▸ **COLLECTED MATERIAL**
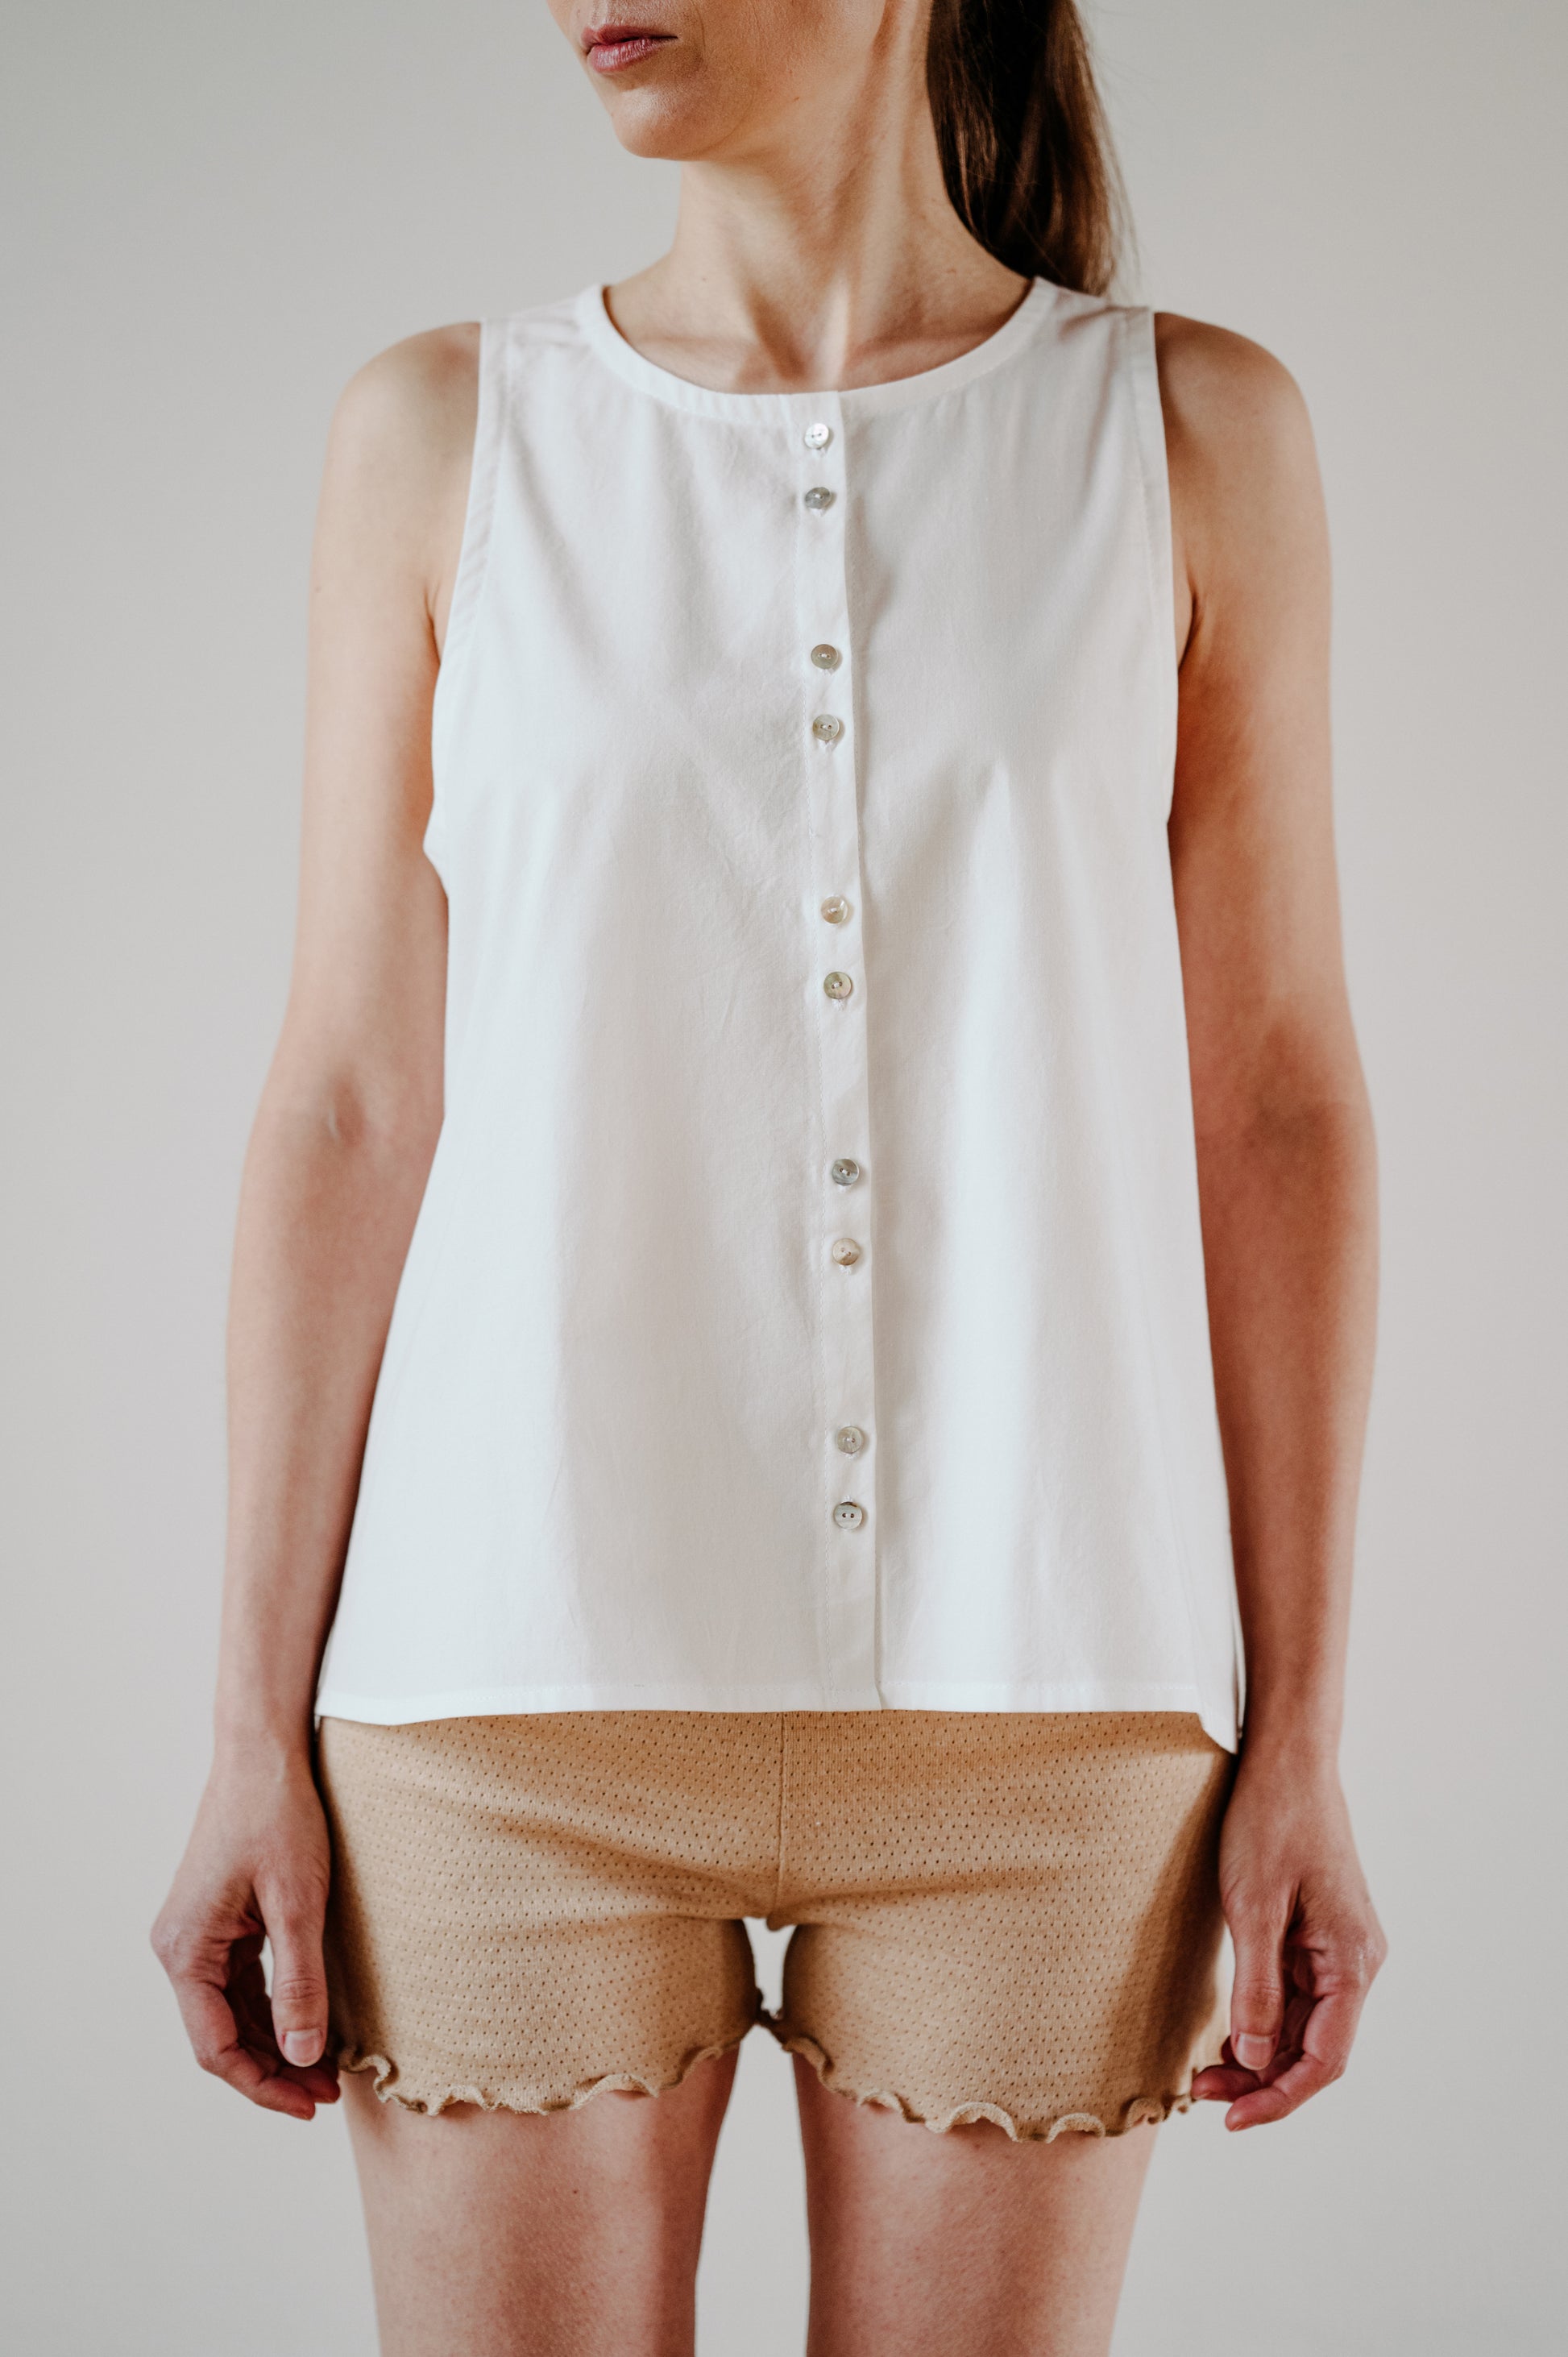 LÁNYKA sleeveless blouse | blúzka bez rukávov - CZULA
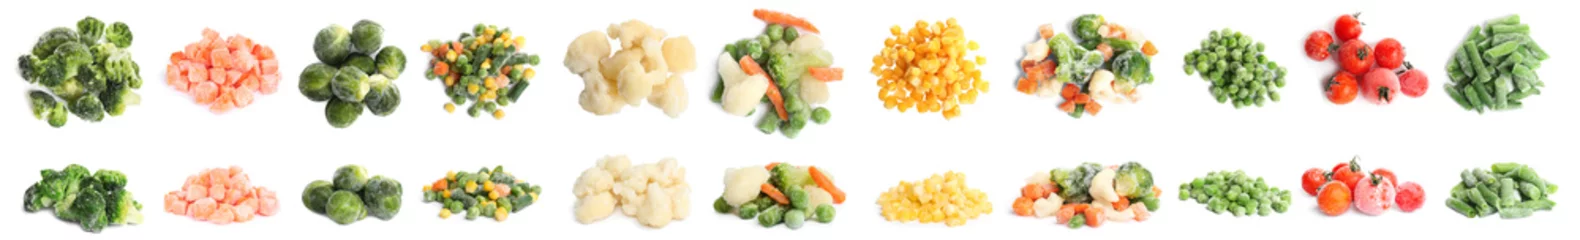 Foto op Plexiglas Verse groenten Set of different frozen vegetables on white background. Banner design
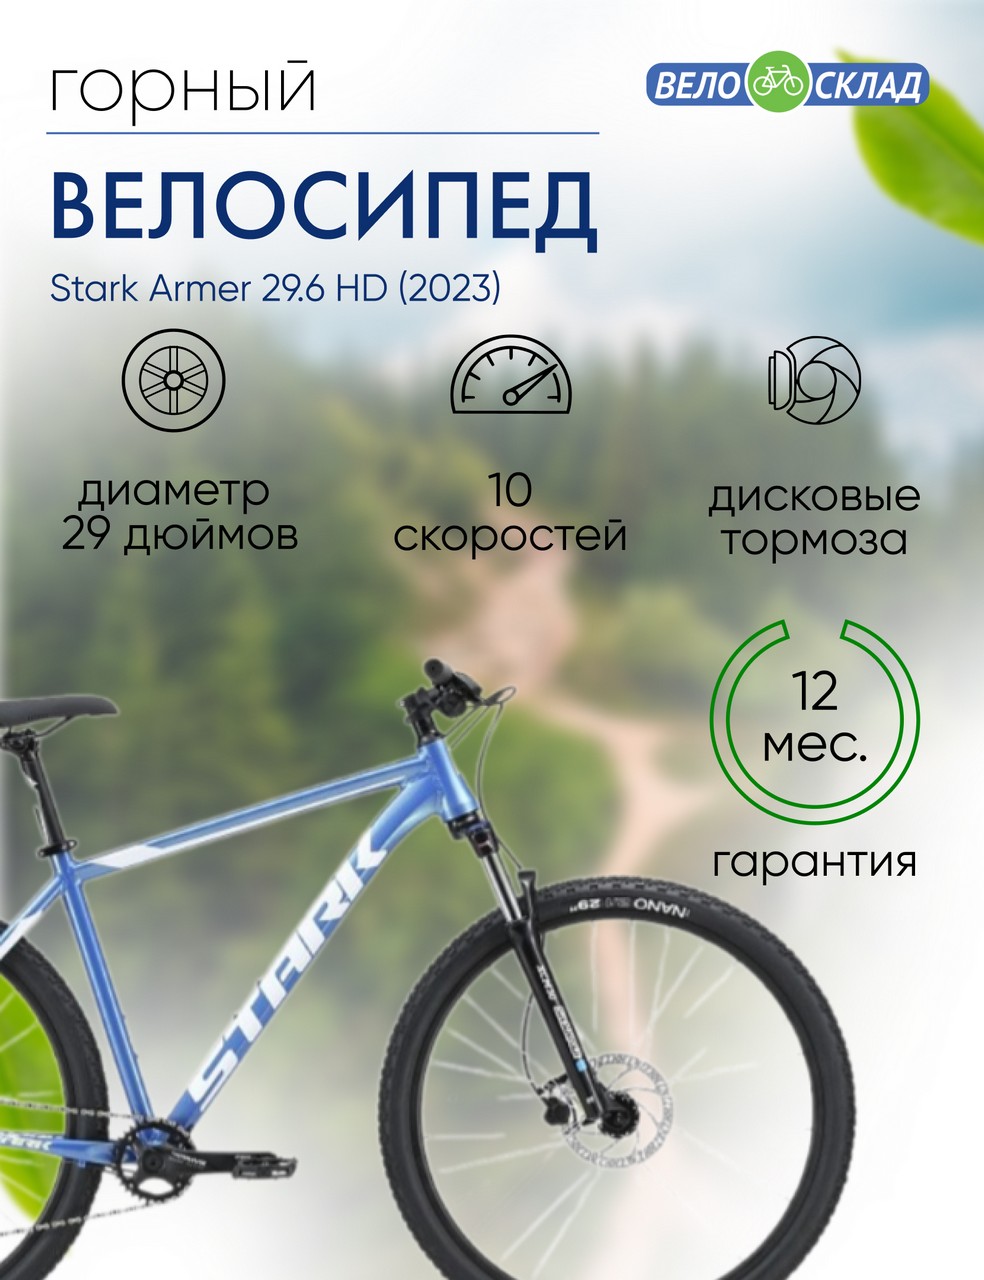 Горный велосипед Stark Armer 29.6 HD, год 2023, цвет Голубой-Белый, ростовка 18

▸ **HOW TO COMPLETE THIS TASK**
Give back the material above exactly as it appears, minus the pictures.

▸ **RESULT OF THE TASK**
 LÁNYKA sleeveless blouse | blúzka bez rukávov - CZULA
 Foto op Plexiglas Verse groenten Set of different frozen vegetables on white background. Banner design
 Горный велосипед Stark Armer 29.6 HD, год 2023, цвет Голубой-Белый, ростовка 18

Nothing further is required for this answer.